15. With regards to the second ground, whilst it was open to the judge to note a lack of particulars [30] nor does he explain whether he thought that the appellant was one of those who demonstrated or served a prison sentence. But, there appears to be no basis for the observation by the judge that this would not be a difficult thing to do if the expert had contacts in the Bidoon community and there is merit in the submission that describing the evidence as “ipsa dixit” is misplaced. The point here is of course that what the expert was doing was interviewing the appellant to determine whether he had such knowledge as would be consistent with somebody being an undocumented Bidoon as opposed to something else given the knowledge and that the assessment was made as that he is on the basis of the knowledge he disclosed, where he had lived and how he had lived and so on. Further, it was not for the expert to explore how the experience of the appellant’s family is relevant nor does it appear that the expert was asked to comment or explore the family’s living conditions including that of the appellant’s wife and children.

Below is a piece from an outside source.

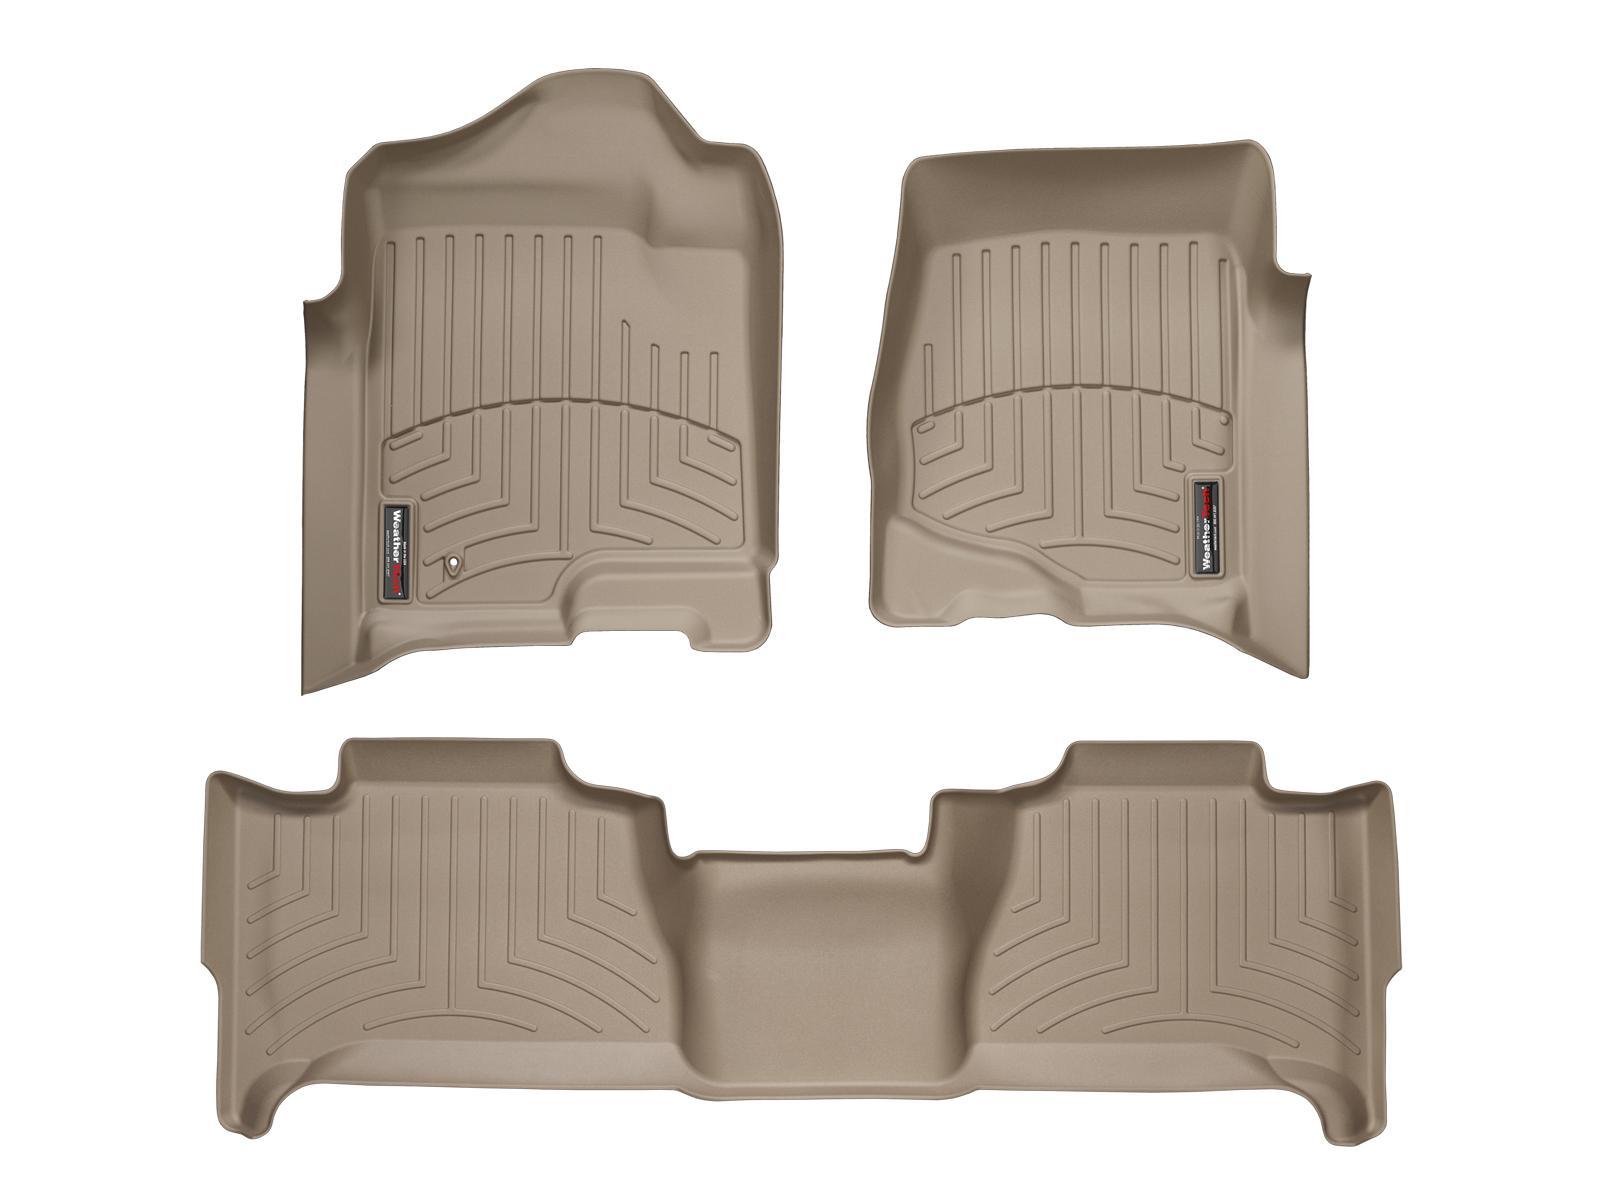 Tappeti gomma su misura bordo alto Cadillac Escalade 14>14 Marrone A23*

16. I do not, however, consider that there is any merit in the submission that the judge failed to have regard to “probable PTSD”. There is insufficient material before me to show that this was raised as an issue either in the skeleton argument or the grounds of appeal, nor in any submissions made to the judge. Accordingly, he cannot be faulted for failing to take that into account.
17. Nonetheless, for the reasons set out above I consider that the decision of the First-tier Tribunal did involve the making of an error of law and I set it aside. Given that the findings relate to credibility, and the unsustainability of those findings, I consider that it is appropriate to remit this case to the First-tier Tribunal for a fresh decision on all issues.
Notice of Decision
(1) The decision of the First-tier Tribunal involved the making of an error of law and I set it aside.
(2) I remit the appeal to the First-tier Tribunal for it to make a fresh decision on all issues to be decided by a judge other than Judge Gillespie. For the avoidance of doubt none of the findings of fact are preserved.